The Colonel looked at the copied marks scratched by the monster with one of its own teeth on the door of its cell. The spongy old paper was crumpled and cracked, and the marks were blurred by time, and by the dampness of lumber rooms and the moisture of my body. He looked at them, found a piece of paper and a pencil, laid the paper against a wall, and copied the inscription, holding the pencil half an inch from the point. When he turned, I saw that the red of his face had faded to grayish pink.
“Well?” I said.
“Little Sato had been baptized, you know. He was a Christian, among other things. I don’t know if I mentioned it.”
“No, you didn’t. Why?”
“Why, this says: I was asleep with my wife . It was all a bad dream . Now I know that it was not a dream . God have mercy on poor Sato who must die . Hiroshima 1945 . How can it be? Sato had a wife, and they lived somewhere in Hiroshima. . . . He was in the Jap navy—submarines—and he was on leave in August, 1945, when they dropped that damned thing which I wish to God they’d never thought of. I don’t understand this. There must be a mistake somewhere. Yet this is Sato all right. What do you make of it? This beats me. I suppose, of course, poor little Sato got it when we dropped that confounded atom bomb. But—”
“I never was in favor of fiddling about with atoms,” I said, “it always seemed to me that there is a limit to what one ought to know. All those fantastic blasts and horrible disintegrations! One feels like the sorceror’s apprentice! You will observe, by the way, that this wretched Brighton Monster suffered from peculiar cancerous sores?”

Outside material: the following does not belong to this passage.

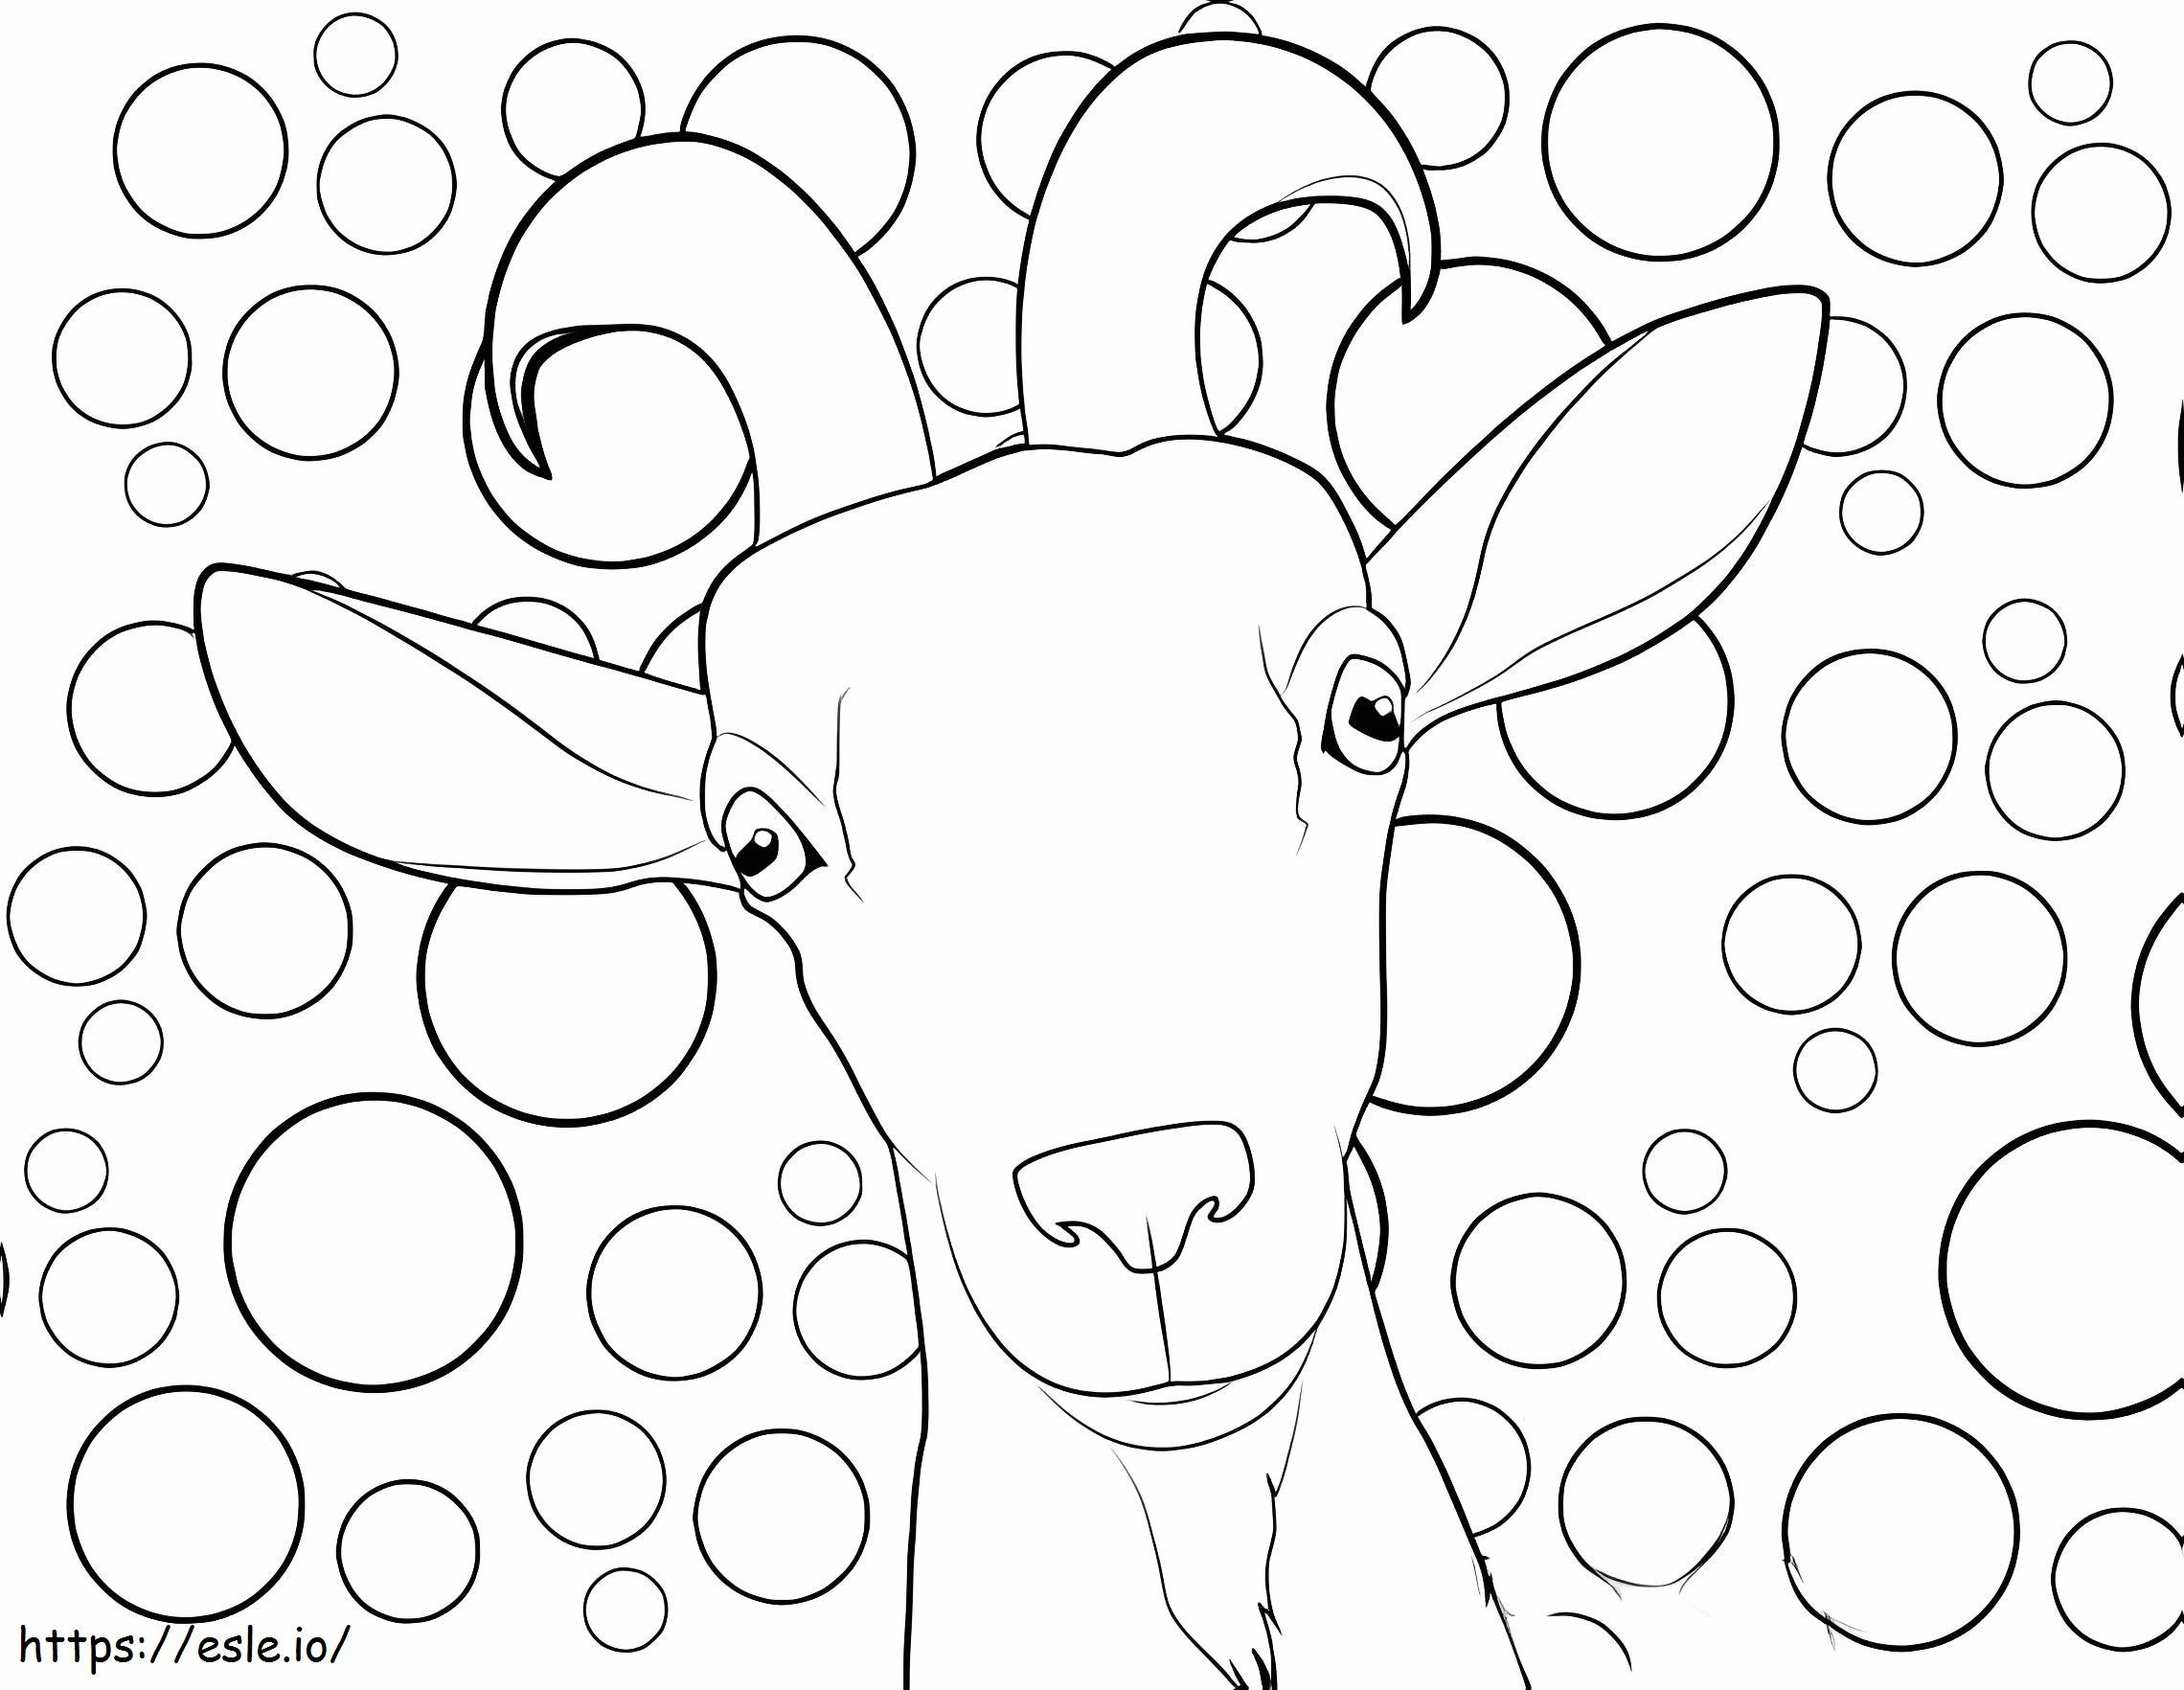 Goat Head coloring page

The Colonel said: “Poor Sato! I liked the little fellow. But my dear Kersh, I hate to think what I can’t help thinking. To die, that’s nothing. It’s easier to die than to live, once you get the hang of it. But this nasty business—it seems to indicate that you don ’ t actually die when you run into one of those damned things. That was Sato, without a doubt. But imagine it—just imagine it! I don’t believe I ever mentioned that I was married once? You go to sleep happily, and then . . . Poor little Sato! Flipped back two hundred years. Or it might be forward two hundred years . . . Of course the earth turns and space shifts. He might have found himself in the middle of the Sahara Desert, or at the South Pole, or in some place where they’d worship him like a god straight out of heaven. But Kersh, Kersh, think of the horror of it! The nightmare—you were asleep—that turns out to be no nightmare at all. You wake up, with a sigh of relief, and there is your nightmare still. The loneliest death imaginable! Can you wonder at poor Sato’s despair? A Jap will kill himself as soon as look at you. So he ran out and threw himself into the sea. . . . How cold it must have been for him in Brighton in November!”
So, out of a salvage basket on the third floor of No. 93 Long Acre, London, W.C. 2 came the only evidence of a double death —the unique history of a man unhappily destined to be a victim of natural philosophy twice in two hundred years.
Here is food for thought, but I do not like the thought it feeds.
THE EXTRAORDINARILY HORRIBLE DUMMY
An uneasy conviction tells me that this story is true, but I hate to believe it. It was told to me by Ecco, the ventriloquist, who occupied a room next to mine in Busto’s apartment house. I hope he lied. Or perhaps he was mad? The world is so full of liars and lunatics that one never knows what is true and what is false.
All the same, if ever a man had a haunted look that man was Ecco. He was small and furtive. He had disturbing habits; five minutes of his company would have set your nerves on edge. For example, he would stop in the middle of a sentence, say Ssh! in a compelling whisper, look timorously over his shoulder and listen to something. The slightest noise made him jump. Like all Busto’s tenants, he had come down in the world. There had been a time when he topped bills and drew fifty pounds a week. Now, he lived by performing to theatre queues.